On 28/01/2022 00:11, Thomas Munro wrote: > On Fri, Jan 28, 2022 at 8:12 AM Thomas Munro <thomas.munro@gmail.com> wrote: >> On Fri, Jan 28, 2022 at 6:55 AM Heikki Linnakangas <hlinnaka@iki.fi> wrote: >>> I think the simplest fix is to call register_dirty_segment() from >>> mdcreate(). As in the attached. Thoughts? >> >> +1 > > [Testing] > > Erm, so now I see my new table in checkpoint's activities: > > openat(AT_FDCWD,"base/5/16399",O_RDWR,00) = 20 (0x14) > fsync(20) = 0 (0x0) > > ... but we still never synchronize "base/5". According to our > project's reading of the POSIX tea leaves we should be doing that to > nail down the directory entry. Really? 'base/5' is fsync'd by initdb, when it's created. I didn't think we try to fsync() the directory, when a new file is created in it. We do that with durable_rename() and durable_unlink(), but not with file creation. Hmm, if a relation is dropped, we use plain unlink() to delete it (at the next checkpoint). Should we use durable_unlink() there, or otherwise arrange to fsync() the parent directory? - Heikki
Hi, On 2022-01-28 00:39:22 +0200, Heikki Linnakangas wrote: > On 28/01/2022 00:11, Thomas Munro wrote: > > ... but we still never synchronize "base/5". According to our > > project's reading of the POSIX tea leaves we should be doing that to > > nail down the directory entry. > > Really? 'base/5' is fsync'd by initdb, when it's created. I didn't think we > try to fsync() the directory, when a new file is created in it. I've not heard of concrete reports of it being needed (whereas the directory fsync being needed after a rename() is pretty easy to be reproduce). There's some technical reasons why it'd make sense for it to only be really needed for things after the initial file creation, but I'm not sure it's a good idea to rely on it. From the filesystem POV a file doesn't necessarily know which directory it is in, and it can be several at once due to hardlinks. Scheduling all the directories entries to be durable only really is feasible if all metadata operations are globally ordered - which we don't really want for scalability reasons. But when initially creating a file, it's always in the context of a directory. I assume that most journalled filesystem is going to have the creation of the directory entry and of the file itself be related journalling operations. But I wouldn't bet it's all, and theoretically we claim to be usable on non-journalled filesystems as well... Greetings, Andres Freund
On Fri, Jan 28, 2022 at 12:36 PM Andres Freund <andres@anarazel.de> wrote: > On 2022-01-28 00:39:22 +0200, Heikki Linnakangas wrote: > > On 28/01/2022 00:11, Thomas Munro wrote: > > > ... but we still never synchronize "base/5". According to our > > > project's reading of the POSIX tea leaves we should be doing that to > > > nail down the directory entry. > > > > Really? 'base/5' is fsync'd by initdb, when it's created. I didn't think we > > try to fsync() the directory, when a new file is created in it. > > I've not heard of concrete reports of it being needed (whereas the directory > fsync being needed after a rename() is pretty easy to be reproduce). There's > some technical reasons why it'd make sense for it to only be really needed for > things after the initial file creation, but I'm not sure it's a good idea to > rely on it. I don't personally know of any system where that would break either. I base my paranoia on man pages and the Austin Group's famous open ticket 0000672. Those don't mention special treatment for O_CREAT, though I get the technical reason why it's different. I think we should probably do something about that even if it's hypothetical, but I'm happy to call it a separate topic and follow up later (like commit aca74843 did for SLRUs).

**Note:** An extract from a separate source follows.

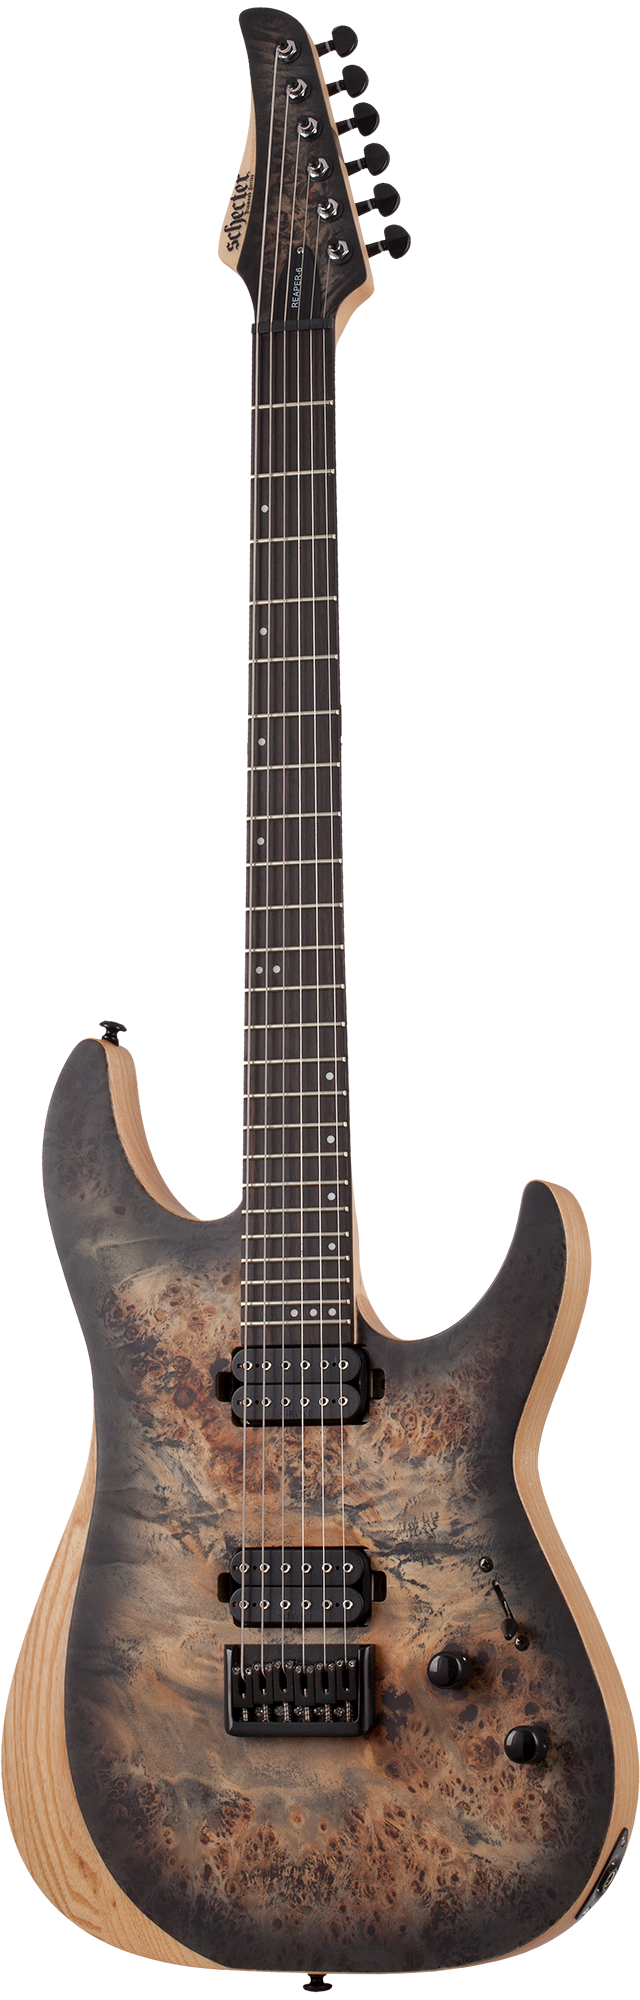 Schecter Reaper-6 Charcoal Burst гитара электрическая шестиструнная, цвет матовый древесный бёрст

On Fri, Jan 28, 2022 at 11:39 AM Heikki Linnakangas <hlinnaka@iki.fi> wrote: > Hmm, if a relation is dropped, we use plain unlink() to delete it (at > the next checkpoint). Should we use durable_unlink() there, or otherwise > arrange to fsync() the parent directory? Hmmmmm. I think the latter might be a good idea, but not because of the file we unlink after checkpoint. Rationale: On commit, we truncate all segments, and unlink segments > 0. After checkpoint, we unlink segment 0 (the tombstone preventing relfilenode recycling). So, it might close some storage leak windows if we did: 1. register_dirty_segment() on truncated segment 0, so that at checkpoint it is fsynced. That means that if we lose power between the checkpoint and the unlink(), at least its size is durably zero and not 1GB. I don't know how to completely avoid leaking empty tombstone files if you lose power in that window. durable_unlink() may narrow the window but it's still on the wrong side of a checkpoint and won't be replayed on crash recovery. I hope we can get rid of tombstones completely as Dilip is attempting in [1]. 2. fsync() the containing directory as part of checkpointing, so the unlinks of non-tombstone segments are made durable at checkpoint. Otherwise, after checkpoint, you might lose power, come back up and find the segments are still present in the directory, and worse, not truncated. AFAICS we have no defences against zombie segments > 0 if the tombstone is gone, allowing recycling. Zombie segments could appear to be concatenated to the next user of the relfilenode. That problem goes away with Dilip's project. [1] https://www.postgresql.org/message-id/flat/CA%2BhUKG%2BfTEcYQvc18aEbrJjPri99A09JZcEXzXjT5h57S%2BAgkw%40mail.gmail.com
This patch required a trivial rebase after conflicting with bfcf1b3480 so I've attached a v2 to get the CFBot to run this. -- Daniel Gustafsson
Вложения
On 03/07/2023 15:59, Daniel Gustafsson wrote: > This patch required a trivial rebase after conflicting with bfcf1b3480 so I've > attached a v2 to get the CFBot to run this. Thank you! Pushed to all supported branches. (Without forgetting the new REL_16_STABLE :-D ). -- Heikki Linnakangas Neon (https://neon.tech)